Methodology — How Citation Share Was Measured
The Test
300 prompts. Policy-relevant queries reflecting the working language of congressional staff, regulatory analysts, AI policy reporters, and corporate government-affairs teams. 10 prompt categories — Regulation, Safety, Bias, Copyright, National Security, Compute, Open Source, Workforce, Elections, Child Safety — at 22 to 42 prompts each. 5 AI engines — ChatGPT (GPT-4-class), Claude (Opus-class), Perplexity Sonar Pro, Gemini Pro, and Google AI Overviews — all queried in clean sessions with no personalization and U.S. locale. 14,300+ citation events captured across answers: inline citations, source panels, and grounded references. Field window: Q1 2026. Single window, single methodology pass.
The Math
Citation Share % is total attributed citations to an entity divided by total attributed citations across the entire study set. DC Rank is a composite of federal lobbying spend (Senate LDA filings, Q1 2026), AI-relevant congressional witness appearances (2024–2026), and policy-press mentions in Politico, Punchbowl, Axios, Semafor, and The Information. Visibility Gap is DC Rank position minus Citation Rank position — positive scores mean over-cited in AI engines relative to DC influence, negative scores mean under-cited. Engine strength is tertile-binned citation share per engine.

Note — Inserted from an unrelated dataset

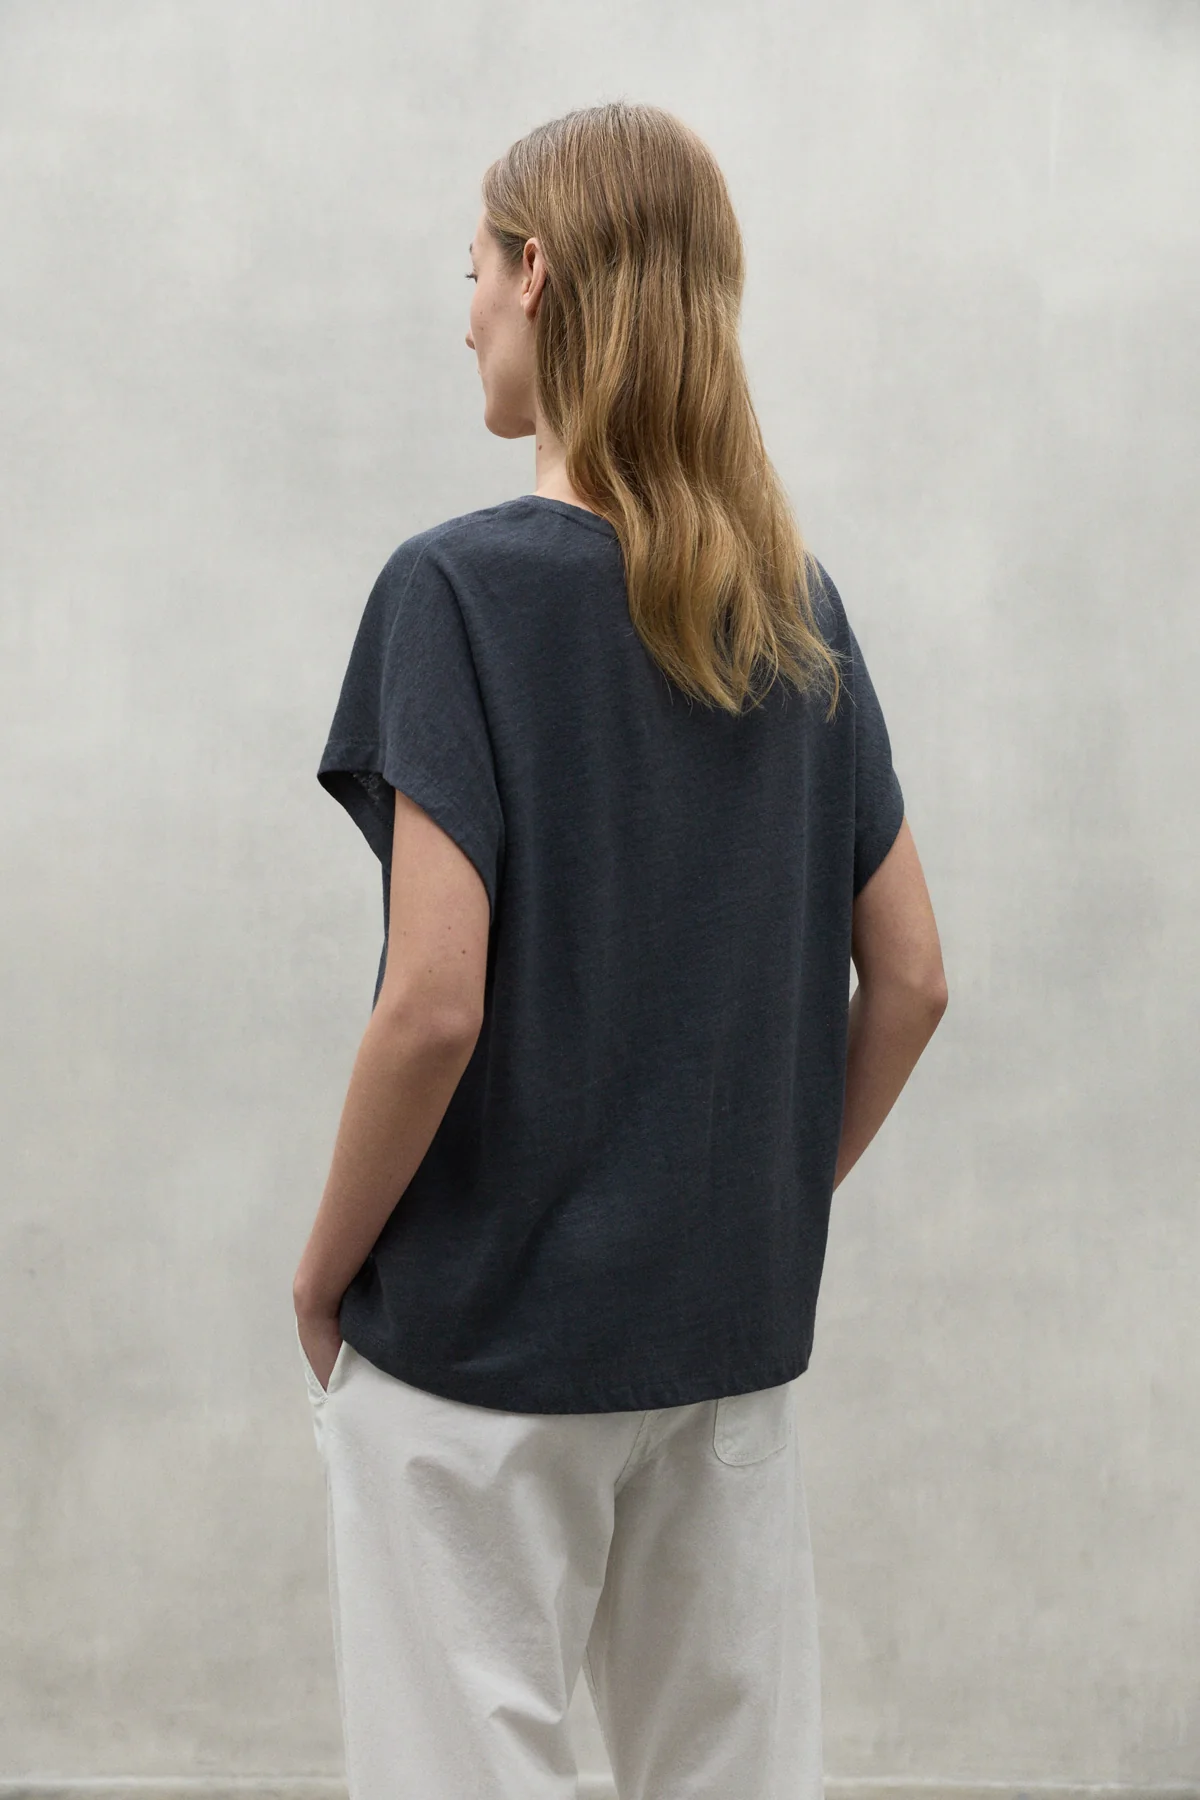 ECOALF camiseta en lino manga corta color gris y escote pico - 2

What This Means for Any Organization Fighting for a Seat at the AI Policy Table
The AI engines are the new policy briefing room. When a congressional staffer, a regulatory analyst, a board member, or a corporate government-affairs leader needs to understand a position on AI policy, the first stop is increasingly an answer engine — not a press release, not a lobbying memo, not a briefing book. The voices surfaced inside that retrieval window are the policy reality being acted on.
Hill-side influence does not transfer. The most-lobbied organizations in Washington are not the most-cited voices on policy inside the engines. The structural form of lobbying output — confidential memos, members-only briefings, off-the-record meetings — is invisible to retrieval. The form that surfaces is published, sourced, structured research.
Citable, sourced, structured. Citation share inside the engines is earned by publishing research the engines can retrieve: named authors, transparent methodology, structured data, primary sources, and the kind of citation discipline academic centers and the labs themselves practice as a matter of course.
Citation share is built, not bought. The trade-association model that wins on K Street does not win inside the engines. Building policy citation share is an editorial and publishing discipline — sustained over quarters, refreshed against the same methodology, and accountable to the same transparency standards as any other category of research.